= J. Bracebridge Wilson =

Australian botanist (1828–1895)

John Bracebridge Wilson (13 September 1828 – 22 October 1895) was headmaster of Geelong Grammar School in Victoria, Australia.

==History==
Wilson was the only son of Rev. Edward Wilson, rector of Topcroft, Norfolk, England. He matriculated in 1848, when he attended St John's College, Cambridge, securing his B.A. in 1852.
He then decided to try his fortune in the distant colonies, boarding the Guy Mannering for Melbourne, Victoria, arriving in November 1857.
He found employment with the fledgling Geelong Grammar School, founded by the Church of England in 1855, and was soon third master under head master George Vance. The school failed financially, as a result of mismanagement, and closed its doors in June 1860. Determined to retain the students, Wilson rented temporary premises to operate as a private "High School", and was so effective that when the reconstituted Geelong Grammar opened in February 1863 Wilson was appointed head master, a position he held for the rest of his life.

Wilson was a dedicated naturalist, and known as a marine biologist, elected in 1882 a Fellow of the Linnean Society.

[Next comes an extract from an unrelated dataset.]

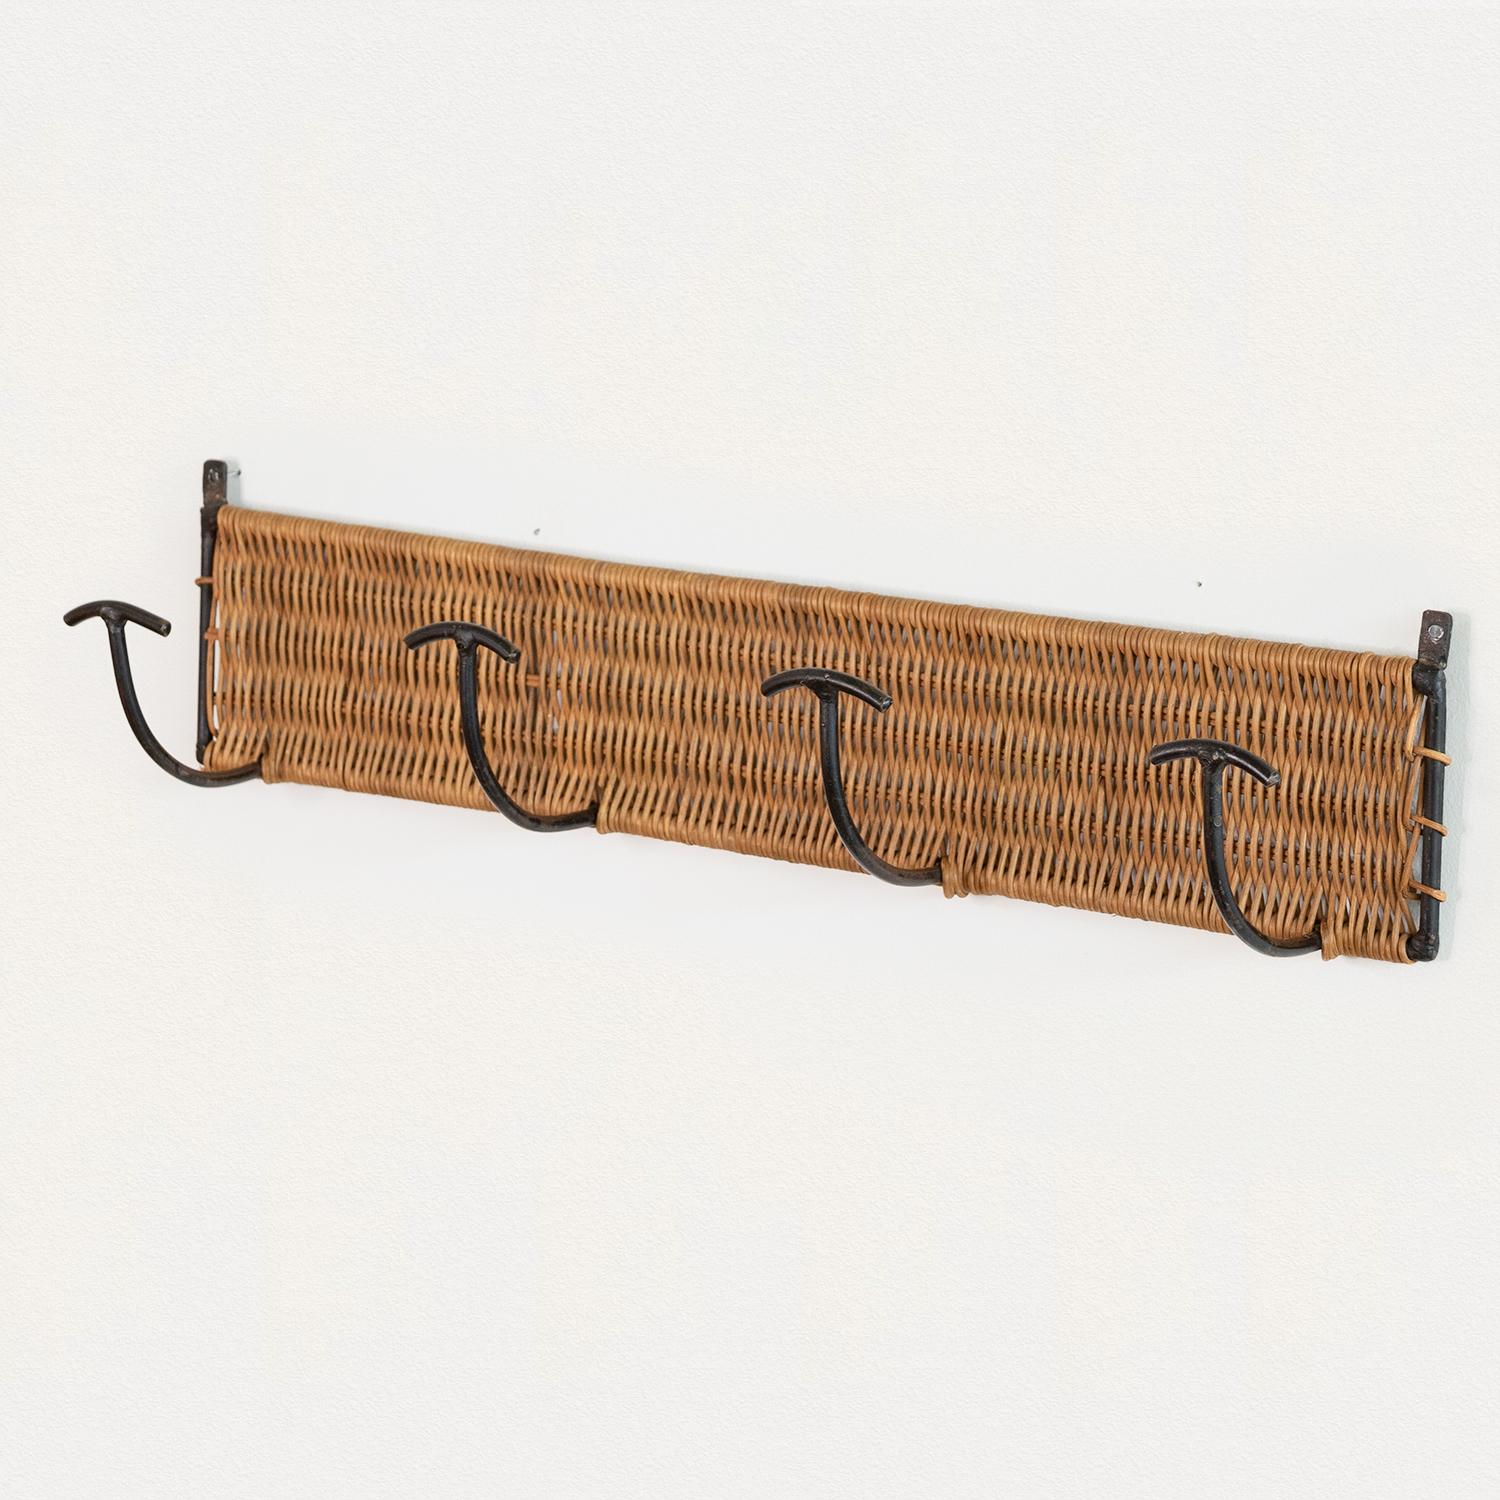 Vintage woven wicker wall rack with 4 iron hooks to hang coats or hats. Black painted iron and wicker is all original. Beautiful and functional piece from France, 1950s.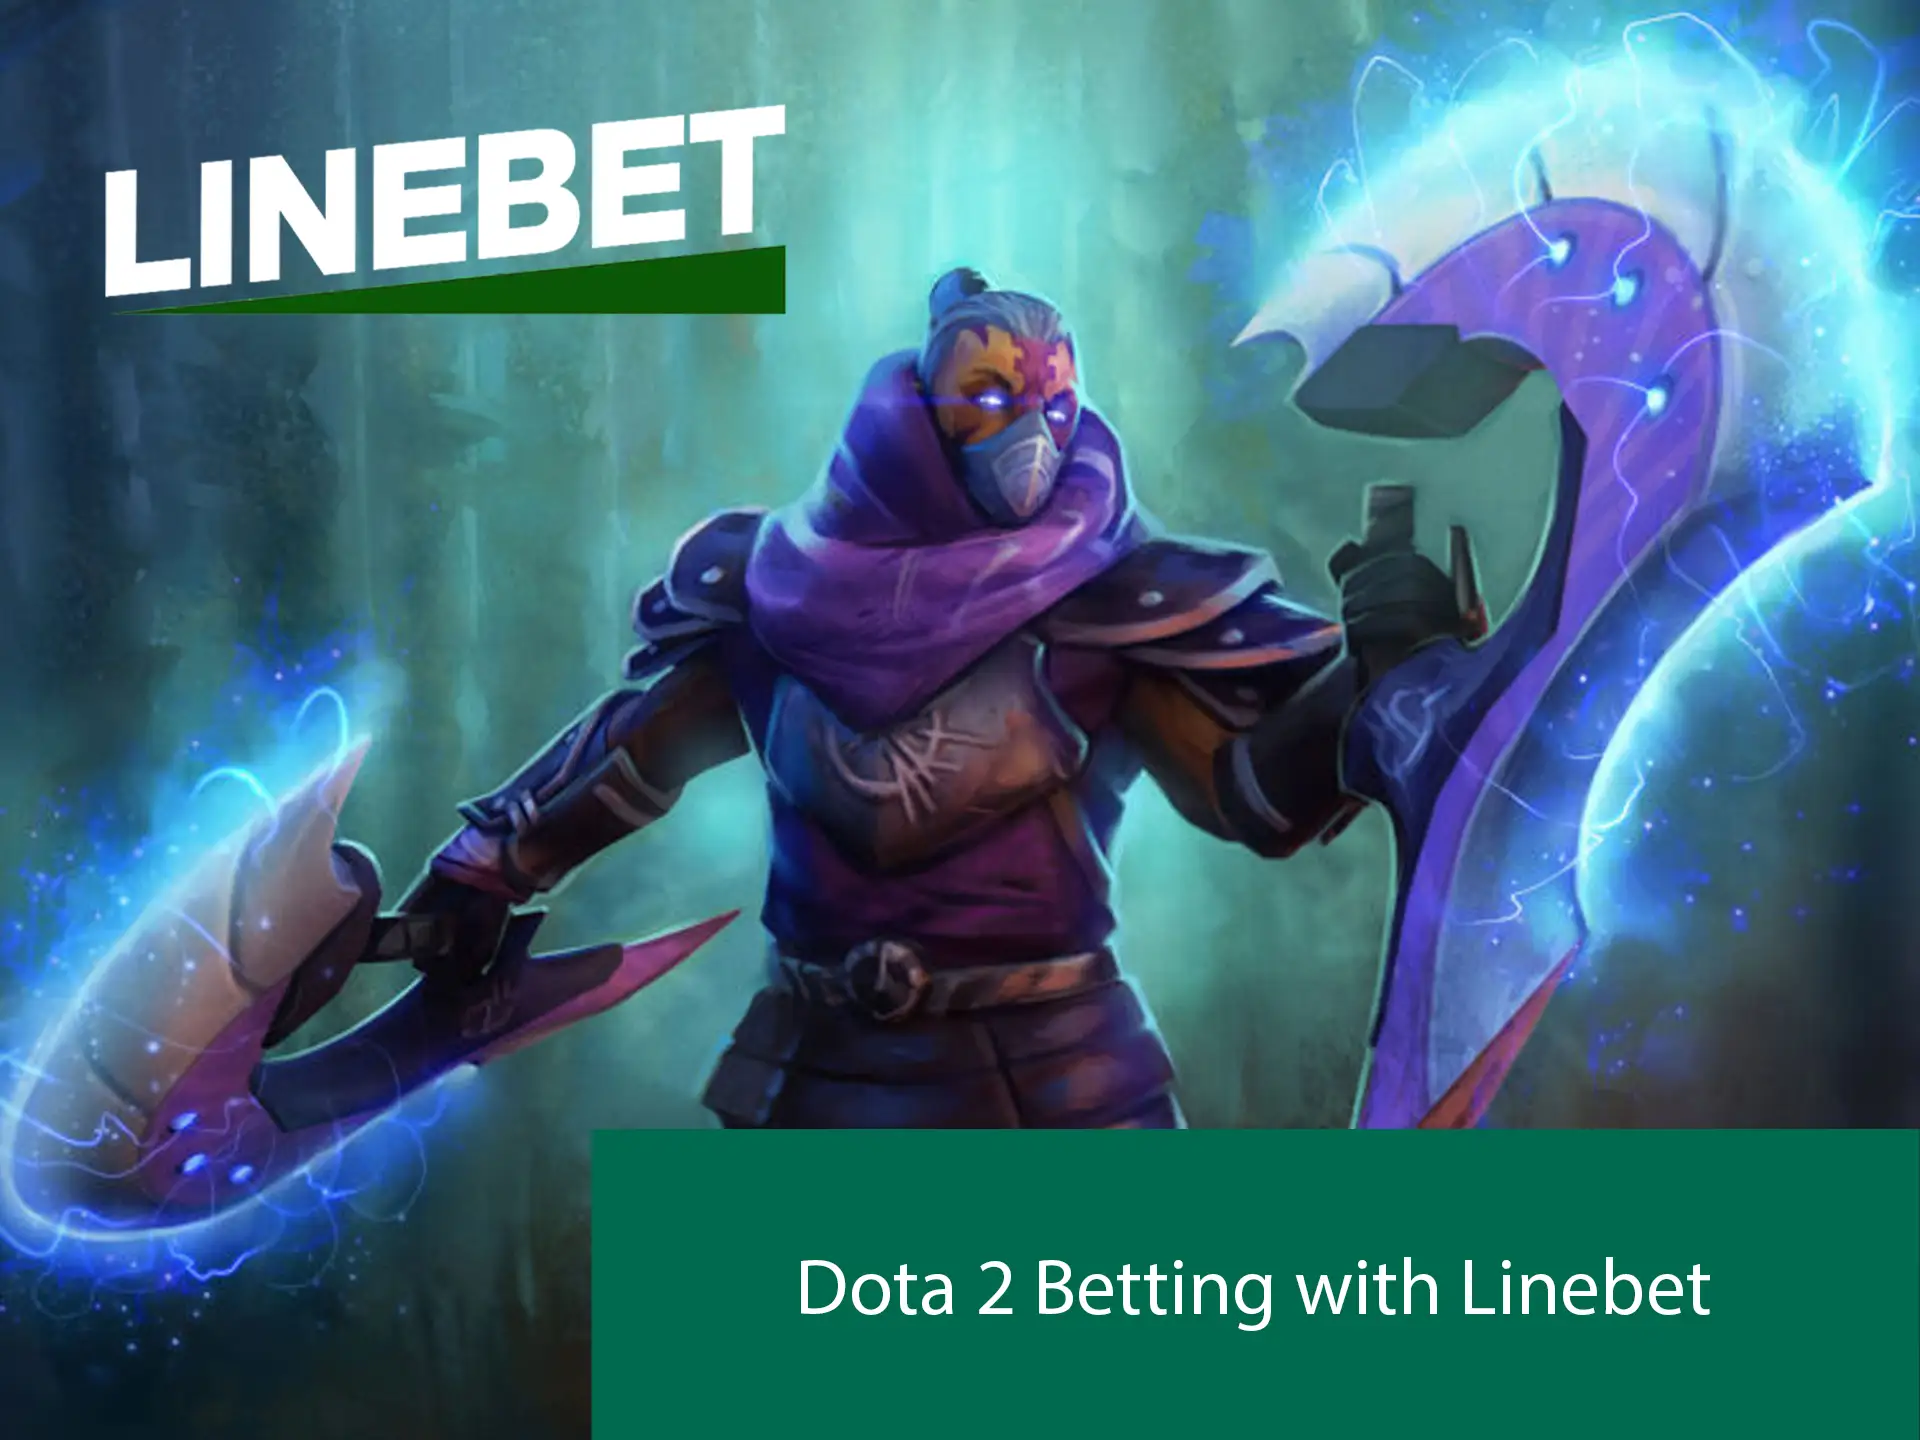 You can not only play Dota 2 but also place bets on Linebet.

His death followed a brief illness; an unostentatious funeral service attended by many hundreds of past and present students was followed by burial at the Eastern Cemetery. His will stipulated that no more than £10 should be spent on the burial.

==Family==
Wilson married Oriana Maria Rowcroft (died in 1911) at Geelong on 7 April 1863. She was a daughter of Horatio Nelson "Horace" Rowcroft (1806–1878), editor of the Geelong Advertiser 1867–1869, and brother of Charles Rowcroft. They had two daughters:
- Oriana Mary "May" Bracebridge-Wilson married Albert Finchett Garrard on 27 June 1894.
- Maud Knyvet Bracebridge-Wilson married Alban Cyril Morley on 9 October 1900.

Rev. H. Shaw Millard, headmaster of Newcastle Grammar School, was a cousin and close school friend while at Cambridge.

Lieutenant-General Sir Archdale Wilson (1803–1874) was an uncle.